La notizia del giorno riguarda però l’avaria di cui è rimasto vittima Charal di Jeremie Beyou, che era considerato da molti il favorito. Charal aveva avuto danni a un timone dopo aver urtato la scorsa notte un oggetto galleggiante non identificato. Nelle verifiche di questa mattina, Beyou ha constatato che i danni erano superiori a quelli riparabili in mare. Da qui la decisione di dirigere verso Les Sables d’Olonne, rinunciando di fatto al Vendee Globe.

Il team di Charal ha chiarito che si farà tutto il possibile per consentire una nuova partenza a Beyou, atteso a Les Sables per venerdì mattina. Le regole del VG, iunfatti, consentono a uno skipper di partire entro dieci giorni dalla data dell’8 novembre. Ciò significa che i danni a Charal (oltre al timone rotto, anche danni al paterazzo e ad alcunio stopper in coperta) dovranno essere riparati e Charal dovrà ripartire prima del 18 novembre.

Così’ Pedote questa mattina:

“È stata una notte dura, ma sono a poche miglia nautiche dai primi e questo è incoraggiante. Il programma della giornata: riposarsi, rimettere in ordine e immergermi nello studio della meteo per prepararmi alle prossime grandi transizioni meteorologiche. Ma va tutto bene a bordo di Prysmian Group, questa è la cosa principale e spero che anche i miei concorrenti non abbiano avuto troppi problemi. Questa mattina, quando il vento è leggermente calato, ho pensato alle difficoltà incontrate e ai mezzi che mi hanno permesso di superarle. Siamo abbastanza fortunati da vivere e realizzare i nostri sogni.”

Vigo– A 54 ore dalla partenza del Vendee Globe si ha la prima scelta strategica rilevante. Il gruppo dei favoriti punta direttamente verso il fronte in arrivo da ovest e decide di lasciare a sinistra la Zona di Separazione marittima di Finisterre, mentre un gruppo più ridotto sceglie di scendere lungo la costa della Galizia spagnola.

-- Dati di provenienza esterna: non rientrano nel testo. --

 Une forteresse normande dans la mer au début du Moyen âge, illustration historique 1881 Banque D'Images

I primi, con sempre il favorito Jeremie Beyou su Charal a condurre i giochi, affrontano condizioni più dure, con venti sui 25-35 nodi con onde di due-tre metri, ma dovrebbero beneficiare per primi del passaggio del fronte per dirigere finalmente verso le Azzorre e poi versi gli Aliesi. I secondi, con Maxime Sorel sull’Imoca 60 tradizionale VandB Mayenne dato in testa alle 17UTC di oggi, hanno condizioni più miti, meno miglia da percorrere ma anche una previsione di ritardo a due-tre giorni.

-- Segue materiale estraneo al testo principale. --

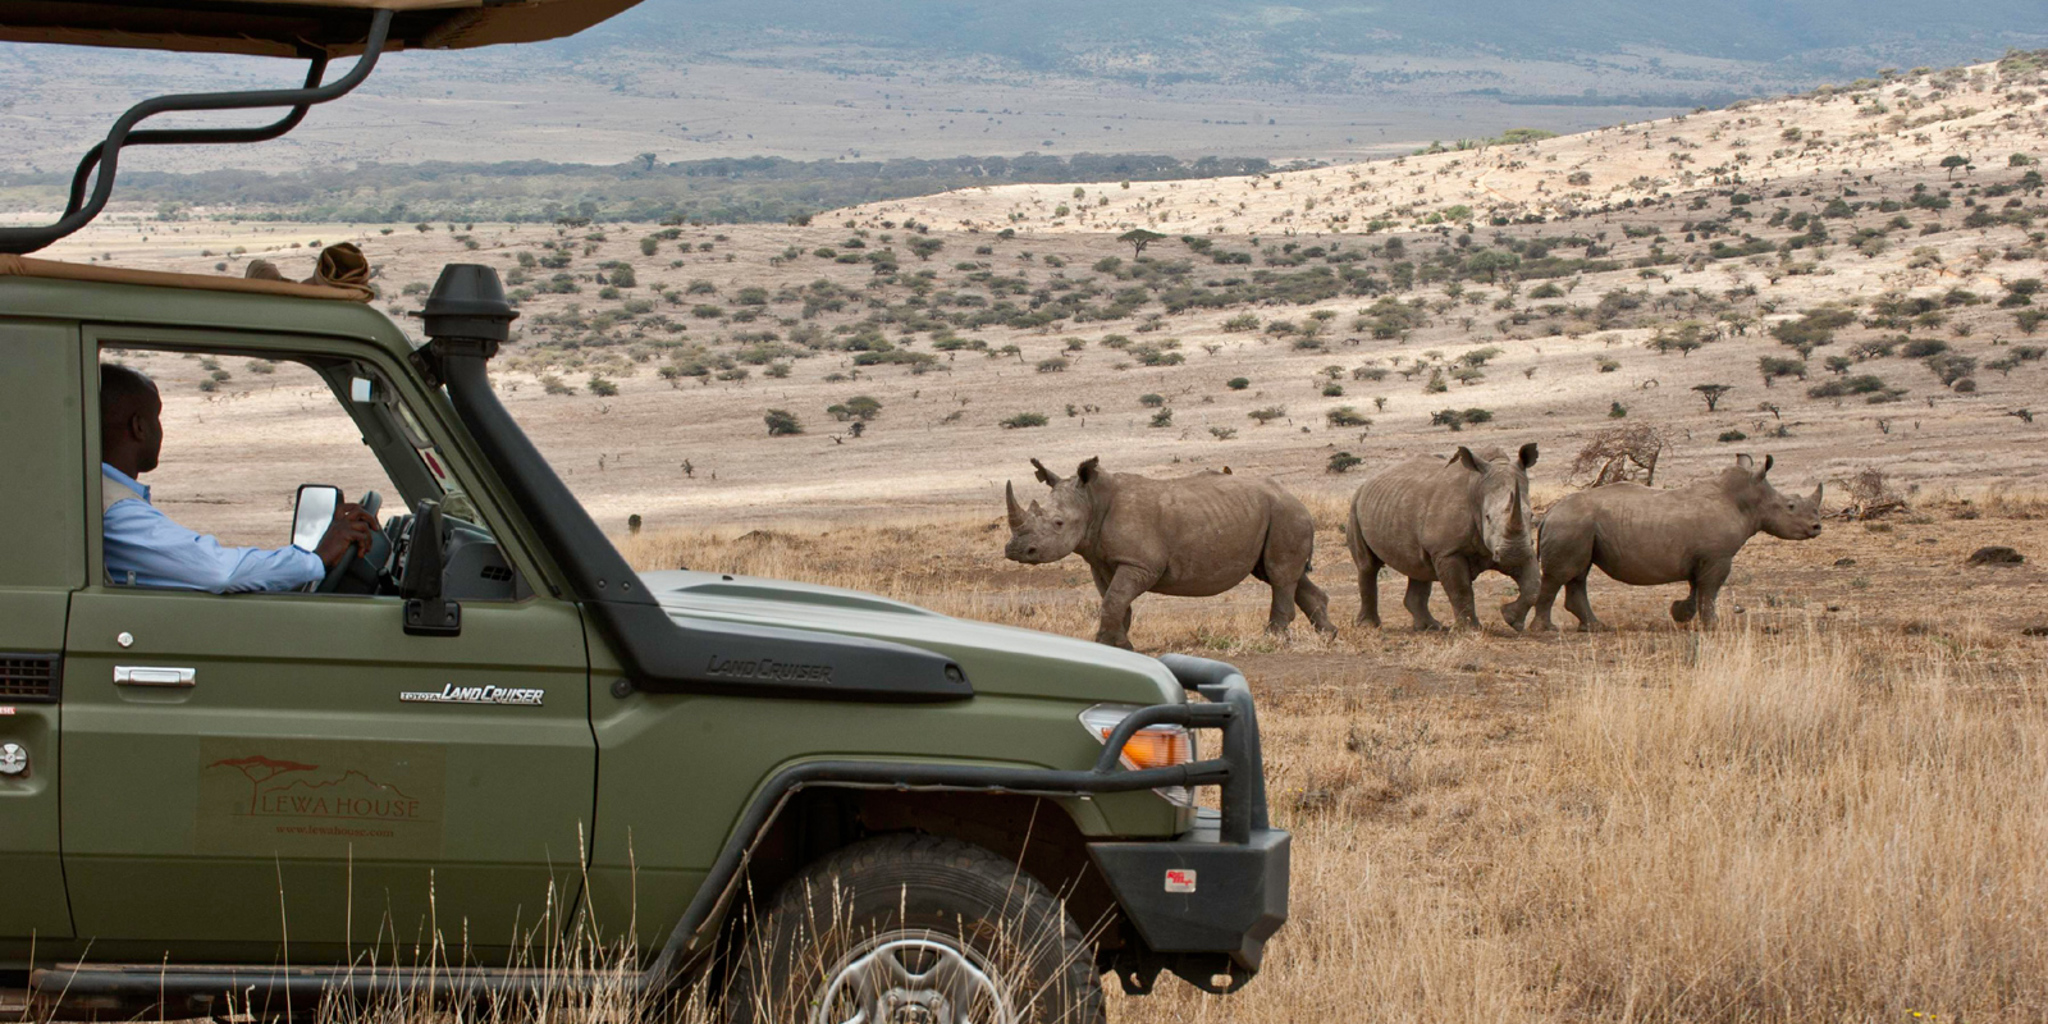 Rhino game drive, Lewa borana landscape safaris, Kenya

La situazione alle 18CET di oggi, con l’evidente seperazione tra il gruppo nordista, di cui fa parte Pedote, e quello sudista.

Nel gruppo dei sudisti, il più accreditato sembra essere Nicolas Troussel su Corum l’Erpagne, che ha deciso per la seconda opzione pocoi prima di Finisterre e potrebbe avere qualche chance di “tagliare” l’angolo rispetto ai nordisti.

In questo scenario Giancarlo Pedote su Prysmian Group ha scelto, dopo alcune virate di studio prima della Galizia, l’opzione nordista e segue il gruppo dei migliori Imoca 60 foil, a circa 58 miglia da Jeremie Beyou e a 98 dal leader provvisorio Maxime Sorel. Alle 18CET Pedote era dato in 28esima posizione, ma con una proiezione a medio termine probabilmente a ridosso dei primi dieci Imoca 60.

Pedote, che ha scelto un approccio prudente sin dalla partenza, ha commentatao questa mattina:
“Il vento aumenterà bruscamente nelle prossime ore, con mare incrociato. Dovremo cercare di trovare il giusto compromesso tra velocità e prudenza per non rompere nulla. Sono abbastanza fiducioso perché durante l’inverno abbiamo più volte regatato con vento forte.”